__ACTIVITY__.
In the data below, reproduce everything exactly except the images.

RAW DATA Start Marker

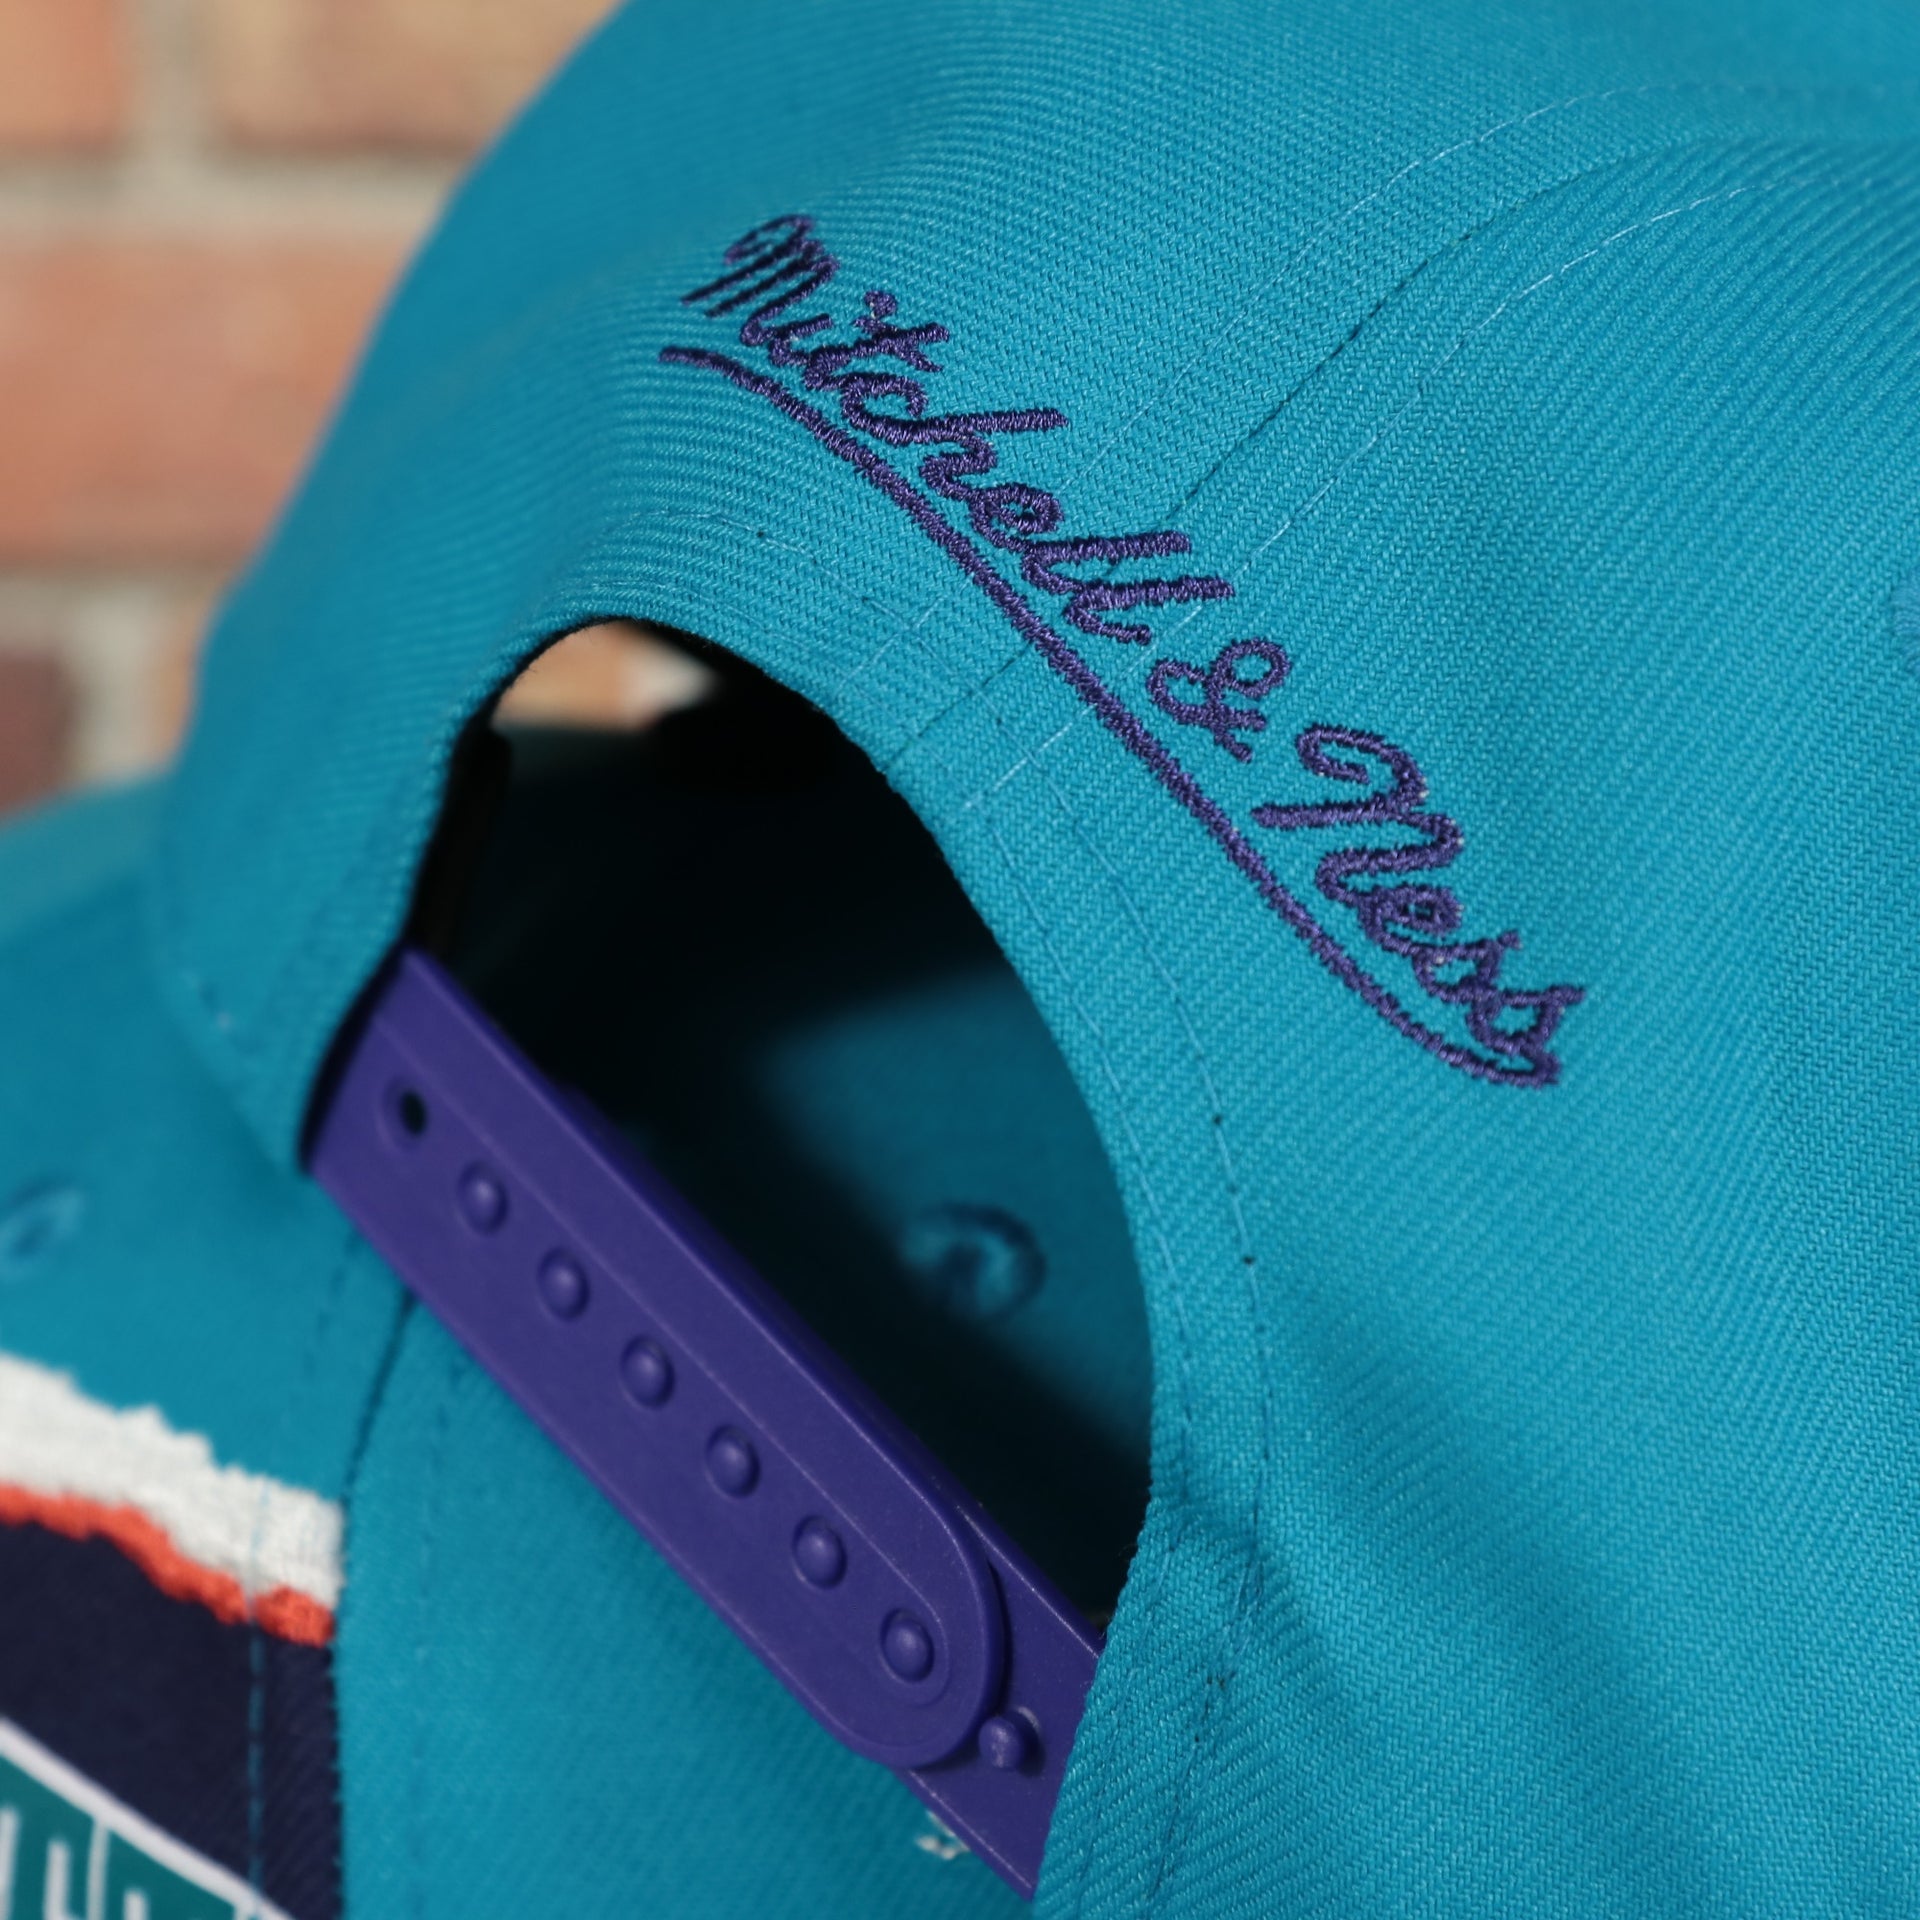 mitchell and ness logo on the Charlotte Hornets Hardwood Classics Jumbotron "Charlotte" Ripped Wordmark side patch Grey Bottom Teal/Purple Snapback hat | Mitchell and Ness Two Tone Snap Cap
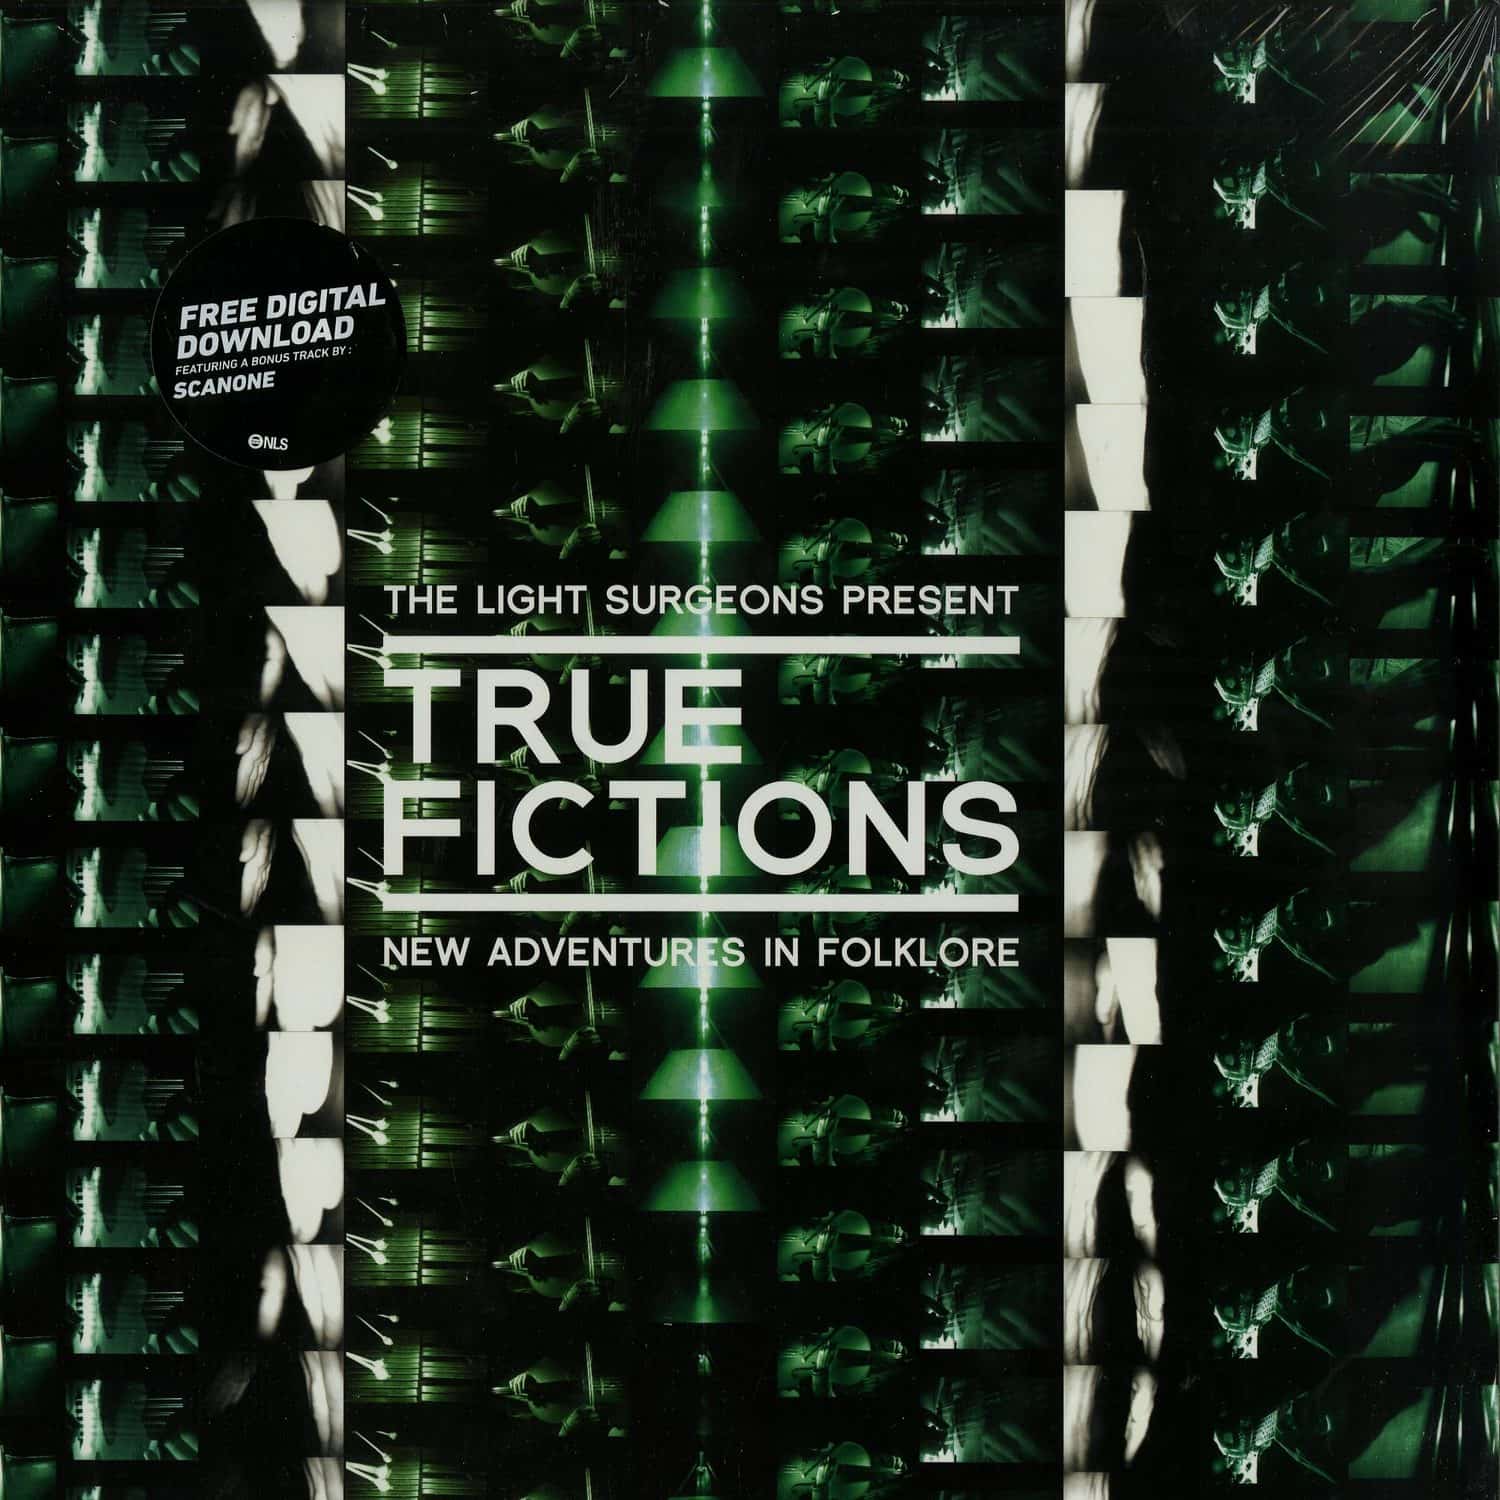 The Light Surgeons pres. - TRUE FICTIONS: NEW ADVENTURES IN FOLKLORE 
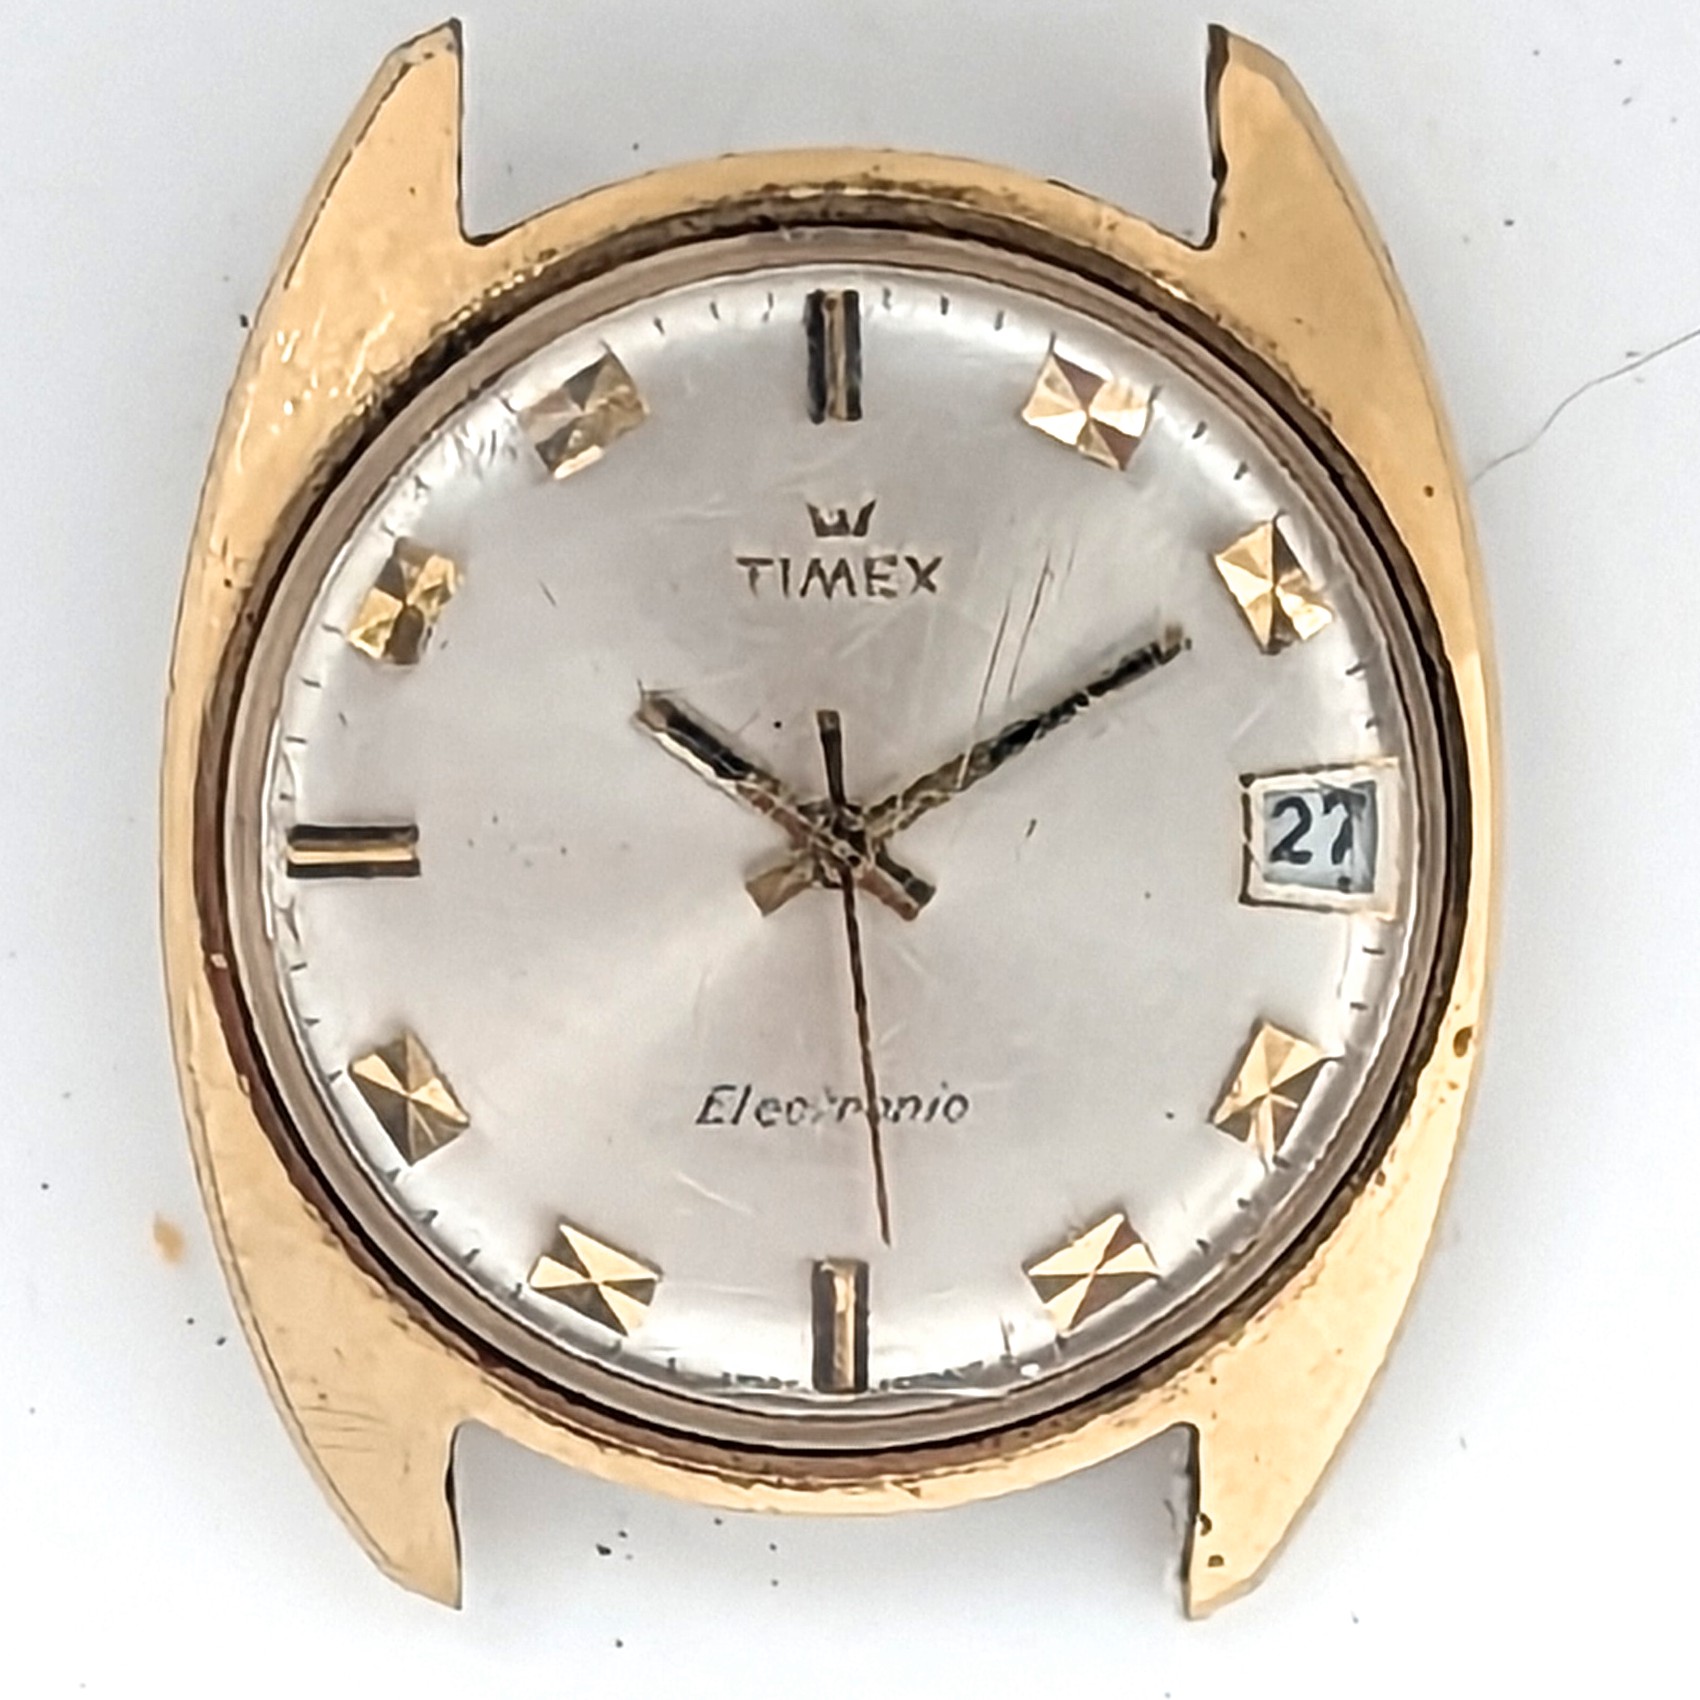 Timex Electronic 9924 8769 / 8770 [1969 / 1970]

RAW DATA End Marker

__ANSWER TO THIS PROBLEM__.
 mitchell and ness logo on the Charlotte Hornets Hardwood Classics Jumbotron "Charlotte" Ripped Wordmark side patch Grey Bottom Teal/Purple Snapback hat | Mitchell and Ness Two Tone Snap Cap
 The Light Surgeons pres. - TRUE FICTIONS: NEW ADVENTURES IN FOLKLORE 
 Timex Electronic 9924 8769 / 8770 [1969 / 1970]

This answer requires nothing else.